McLean v. Rutherford

Decision Date31 July 1843
Citation8 Mo. 109
PartiesMCLEAN v. RUTHERFORD.
CourtMissouri Supreme Court

APPEAL FROM RANDOLPH CIRCUIT COURT.

DAVIS, for Appellant. 1. That the evidence of Granville Wilcoxson ought to have been excluded from the jury. 2. That a new trial ought to have been granted. 3. That the instructions of the court, asked by the plaintiff, ought not to have been given. 4. That upon the facts proved, the plaintiff had no right to a recovery. 3 Mo. R. 317. As to the powers of the agent, see 6 Johns. R. 69, Van Allen and another v. Vanderpool et al.; 6 Cowen, 186, Corlies v. Cumming.
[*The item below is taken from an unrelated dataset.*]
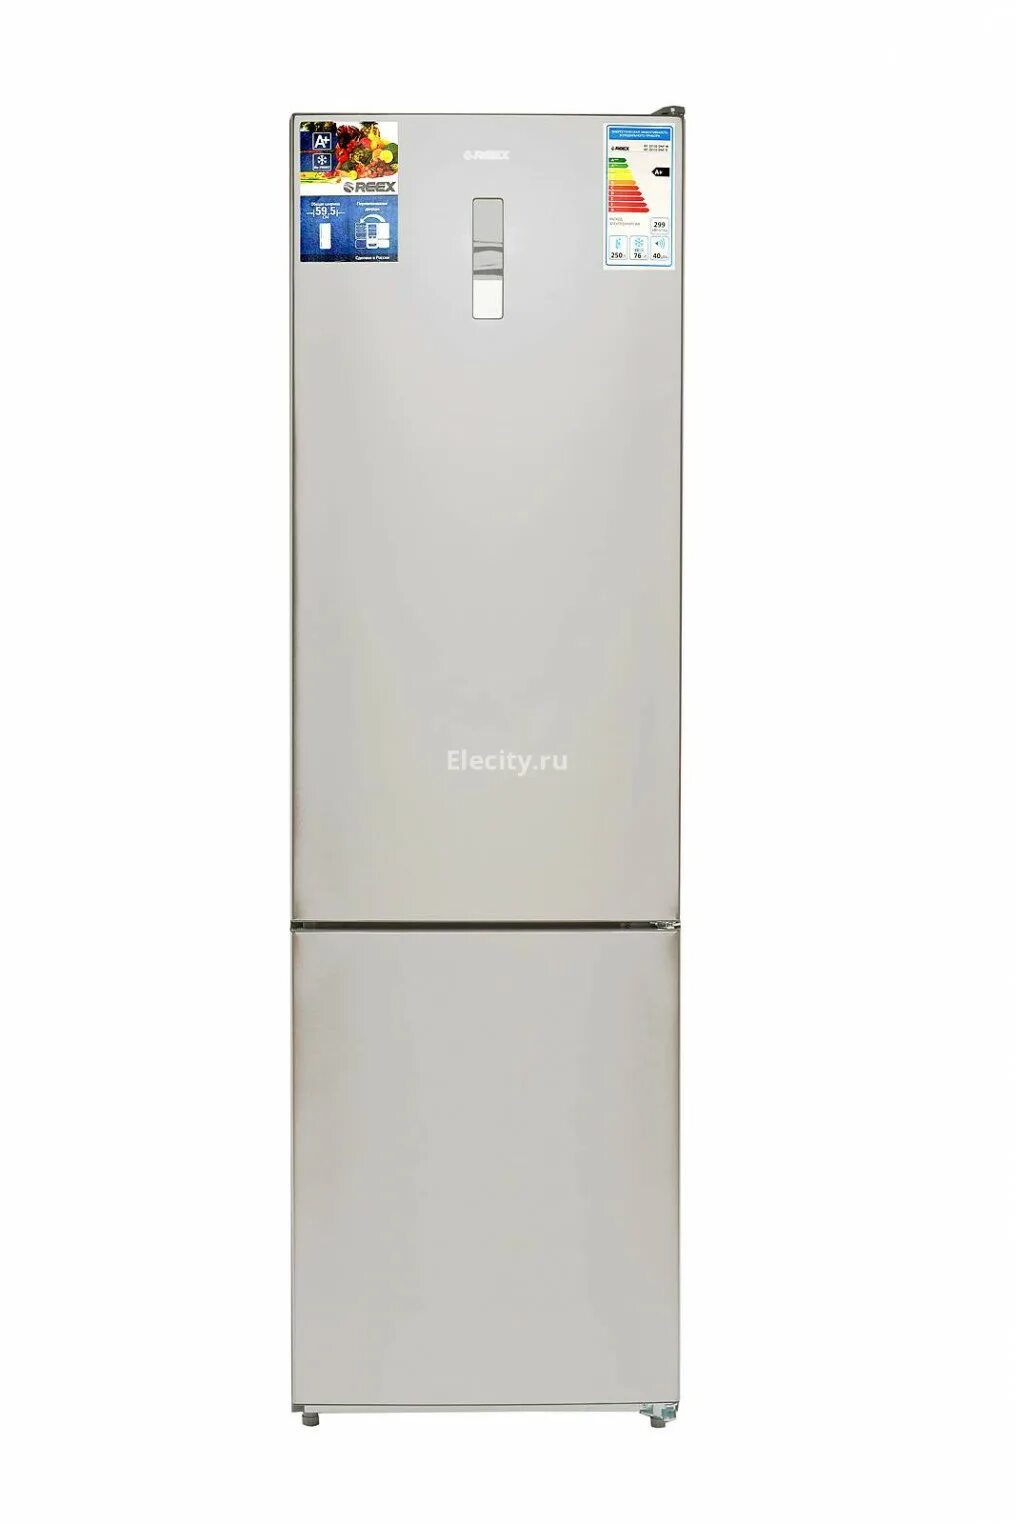 REEX холодильники. Candy холодильник 90см. Холодильник сони двухкамерный. Новые модели холодильников

CLARK, for Appellee. 1. That the defendant was the agent or bailee of the plaintiff, and as such was bound for at least ordinary diligence; and that, from the evidence in this cause, the jury were authorized to find that he had not used ordinary prudence in the sale and disposition of the plaintiff's property; and that, by his negligence, the sale and proceeds of said horses were lost. 8 Story on Bail. 296-7; 4 Bibb, 282; 2 Bibb, 399. 2. That, notwithstanding the defendant may have used the same care and diligence in the sale and management of the plaintiff's horses, that he did with his own, he is liable, unless that was such as a prudent man would use. Story on Bail. 15, 16, 46, 7. 3. That the evidence shows sufficiently clear that the plaintiff called upon the defendant to account before suit was brought. 4. The instructions for the plaintiff were well given, and are sustained by the evidence in the cause, and by law. 5. But if this court should consider that the defendant in this case was bound to use slight diligence only; still the judgment ought to be affirmed as the case, from the whole of the instructions given, was presented to the jury upon that principle. Story, 46-7; Chitty on Contracts, 144.

TOMPKINS, J.

Shelton Rutherford brought his action in the Circuit Court of Randolph county, against Charles McLean, and having obtained a judgment against him, McLean prosecutes this appeal. It appeared in evidence, that in December of the year 1838, the defendant, Charles McLean, was about to leave his place of residence in Randolph county, with a drove of mules and horses for the southern market. A witness of the plaintiff stated, that, on the morning when the defendant started, he assisted the plaintiff, a neighbor of the defendant, in driving to the defendant's place of residence, seven horses, which the defendant received into his drove. The witness said, he knew nothing about the terms on which the defendant received the horses from the plaintiff; that he heard the plaintiff say to the defendant, at the same time, that he wanted him to sell the horses for some price, that he wanted money and must have it, and did not wish him to return the horses. This witness believed the horses to be of “various values, ranging from sixty to eighty dollars. Another witness of Rutherford, the appellee, stated, that some time after the return of the defendant from the South, he started, in company with the plaintiff, to the house of the defendant, and that before they arrived there, they found the defendant at the house of a neighbor. The witness left them together, and pursued his own business. On his return he found the plaintiff and defendant at the house of the defendant, and there, he stated that he heard a conversation between them, something about the horses taken away by the defendant for the plaintiff, but he did not recollect the particulars. The plaintiff then asked the witness to state whether he knew, from the plaintiff's statements, before they went to the house of the defendant. what was the business of the plaintiff at the defendant's house.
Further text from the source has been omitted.